What are your strategies for being productive and using your time most efficiently?

  • I track my time so I know how to hire and delegate work. Once I’m doing a task for more than 5-10 hours per week, it’s time to hire someone.
  • I don’t have notifications on any device and I only check email 1-3 times per day.
  • I set aside time each week to plan with my spouse. This ensures we’re on the same page as far as childcare, social plans, and chores.
  • I wrote more about some of the strategies I use here in case it helps.

What book(s) have influenced your life the most? Why?

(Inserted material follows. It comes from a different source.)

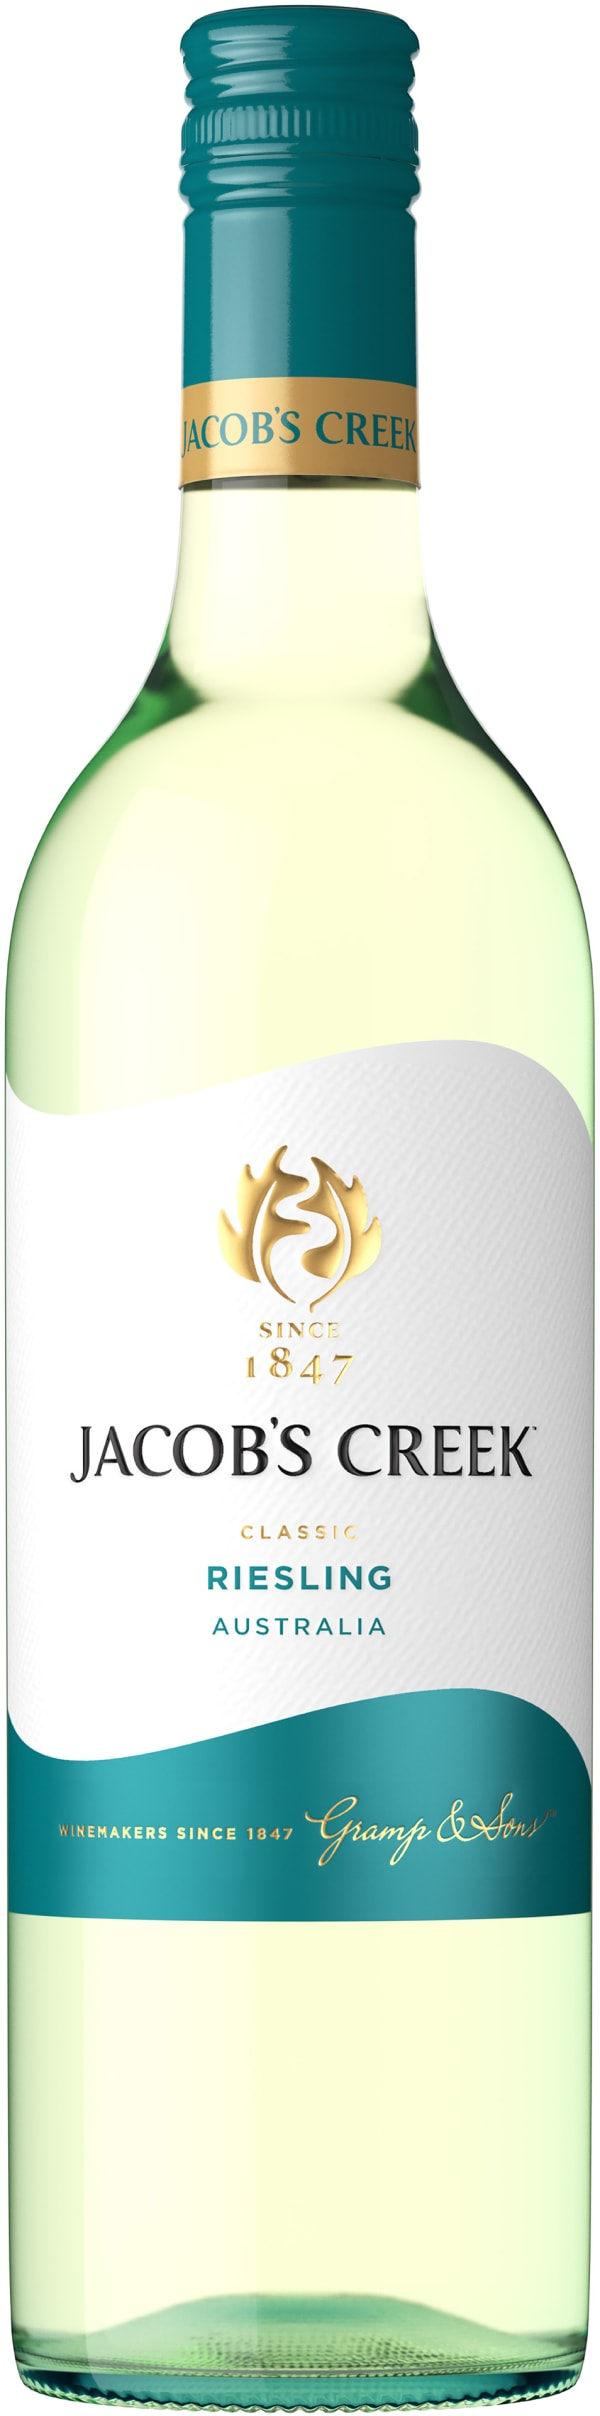 Jacob's Creek Riesling 2016
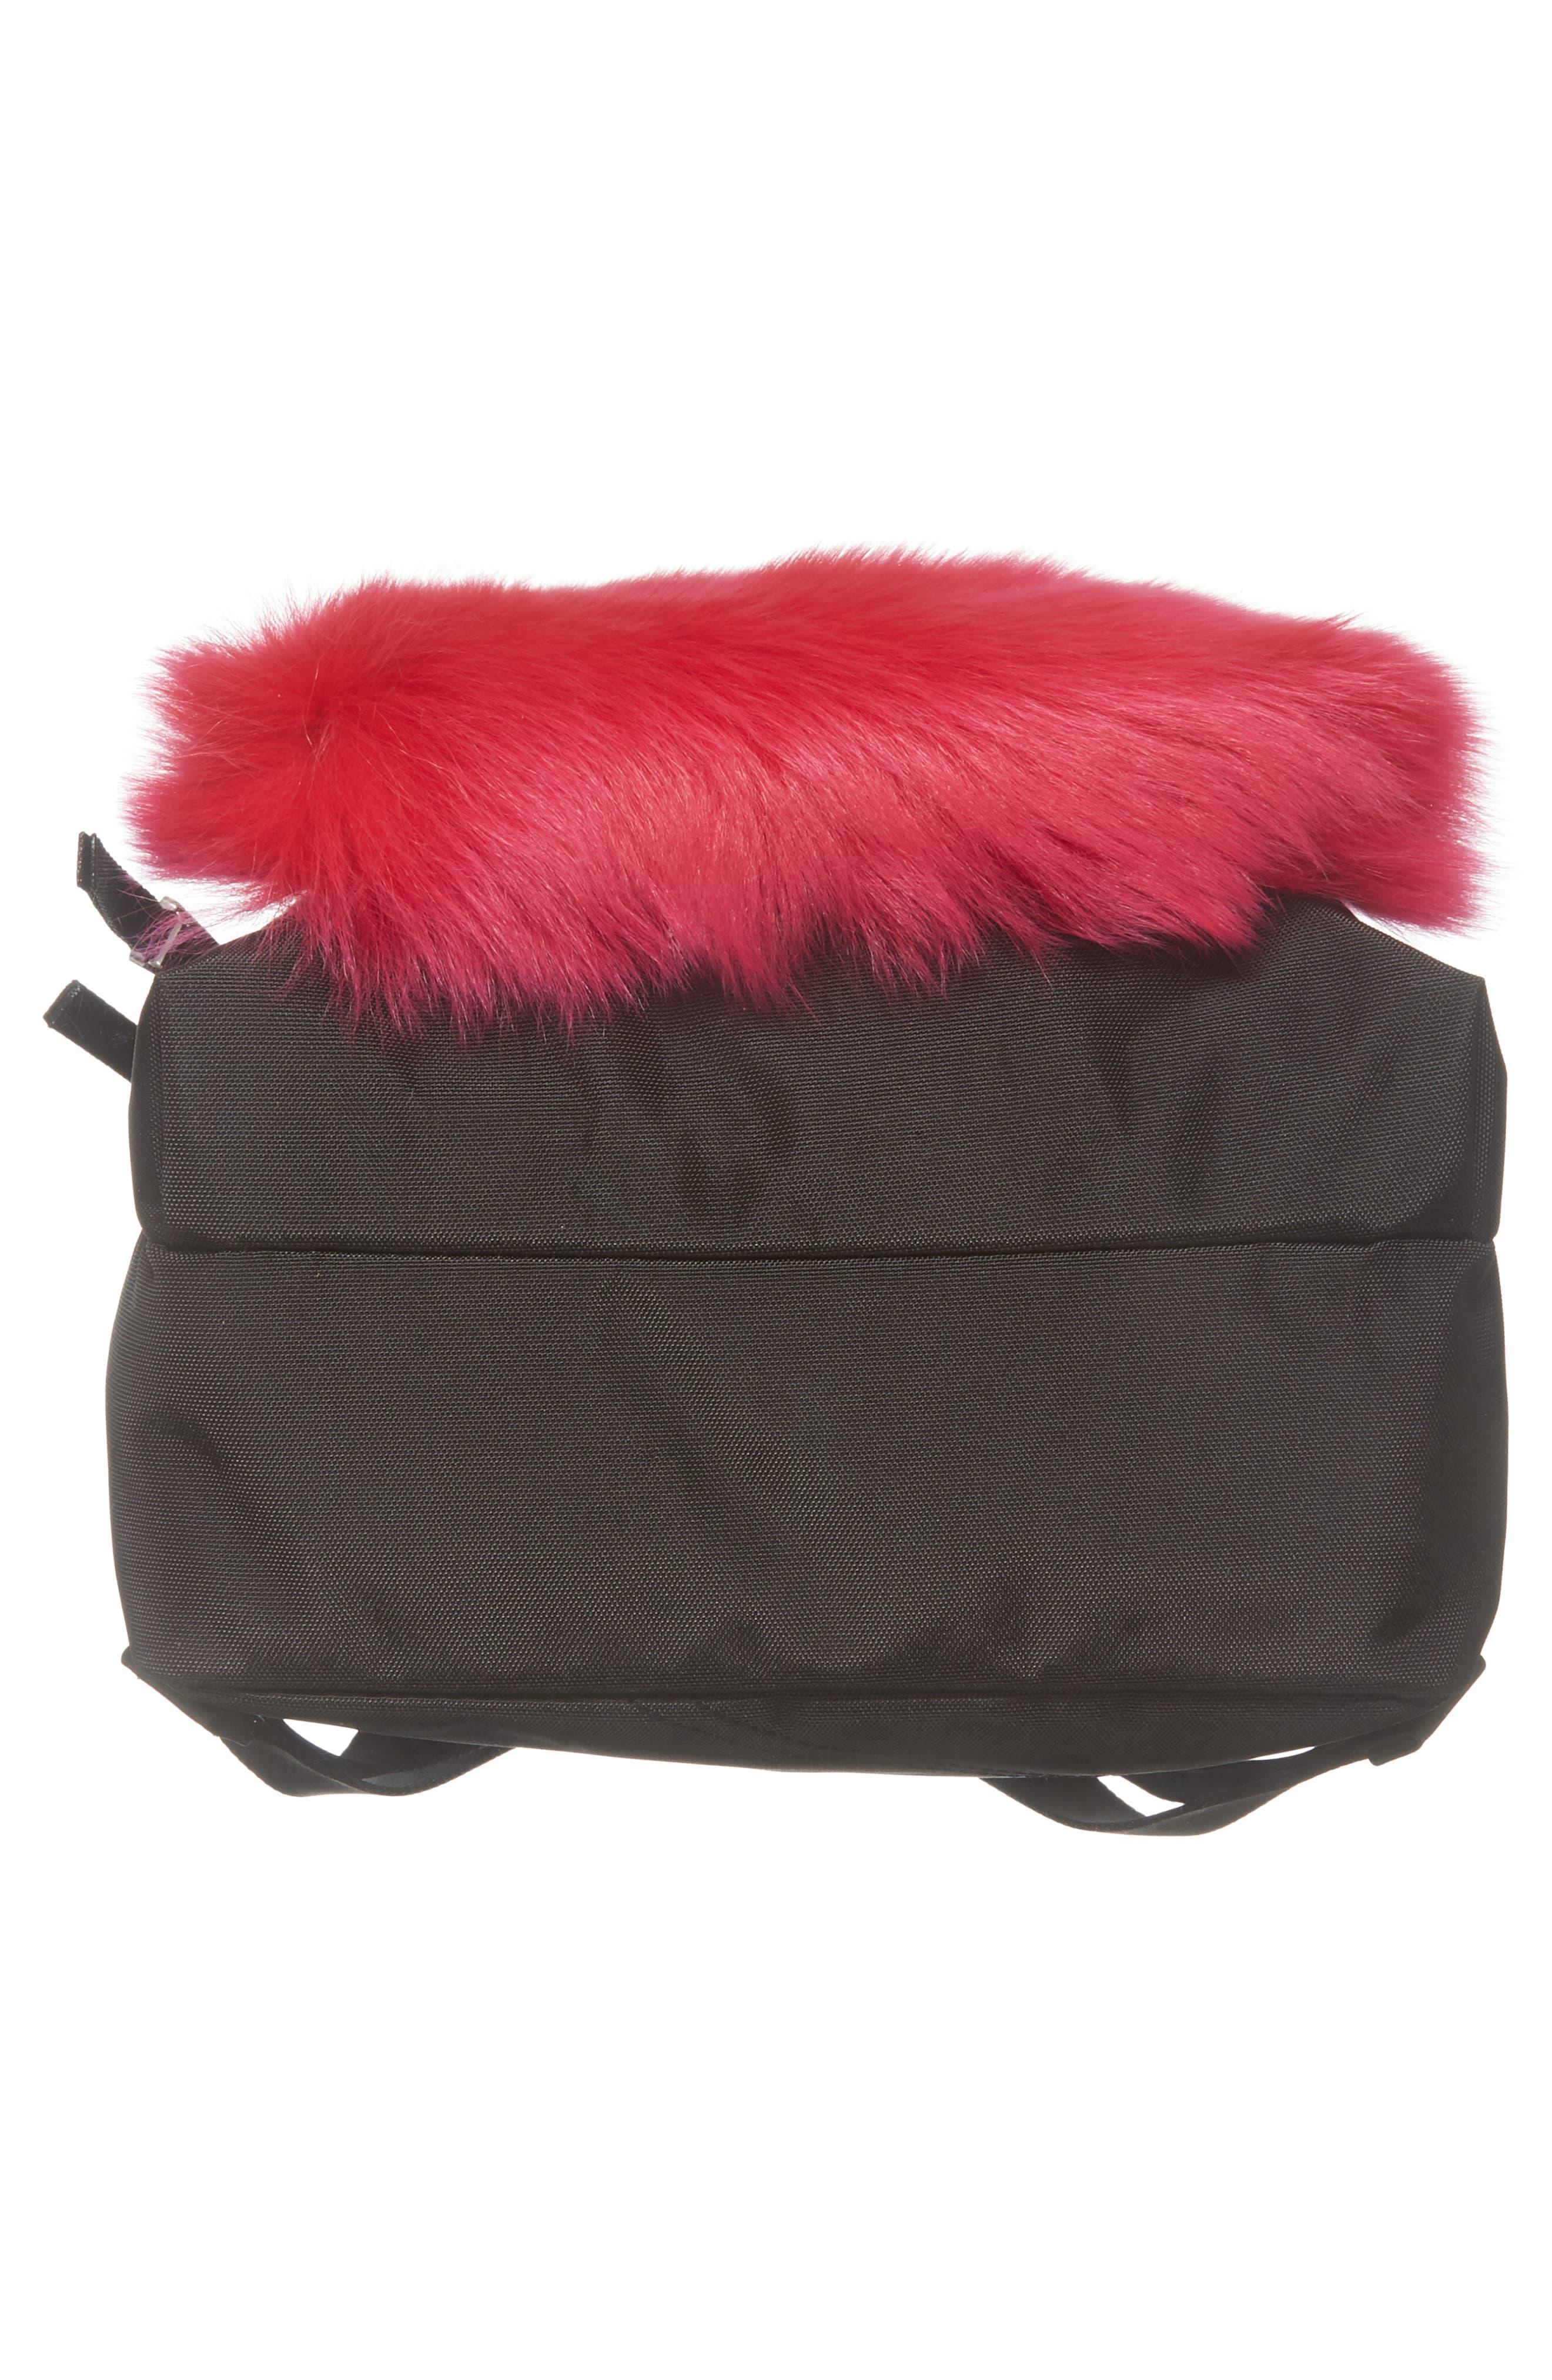 Love Medium Trek Nylon & Genuine Shearling Backpack,                             Alternate thumbnail 6, color,                             Black Multi

  • How to Win Friends & Influence People by Dale Carnegie – I read this back in my early 20s and it helped me understand the power of persuasion and building a genuine connection with people. Your network is one of your most valuable assets, and this book taught me that you have to invest in it.
  • The E-Myth Revisited by Michael E. Gerber – My dad was an entrepreneur, but he was also a critical cog in his business. Without him, the thing didn’t run. Reading the E-Myth helped me see that there is another way to start and build a business and that your company doesn’t have to rely on you.
  • Big Magic by Elizabeth Gilbert – So many people assumes that creative pursuits are either all about getting lucky or having talent. In Big Magic, Elizabeth Gilbert shares her long, circuitous journey to finally write one big hit book. The point I took away is that discipline and grinding out the work are often necessary if you want to succeed in any creative endeavor.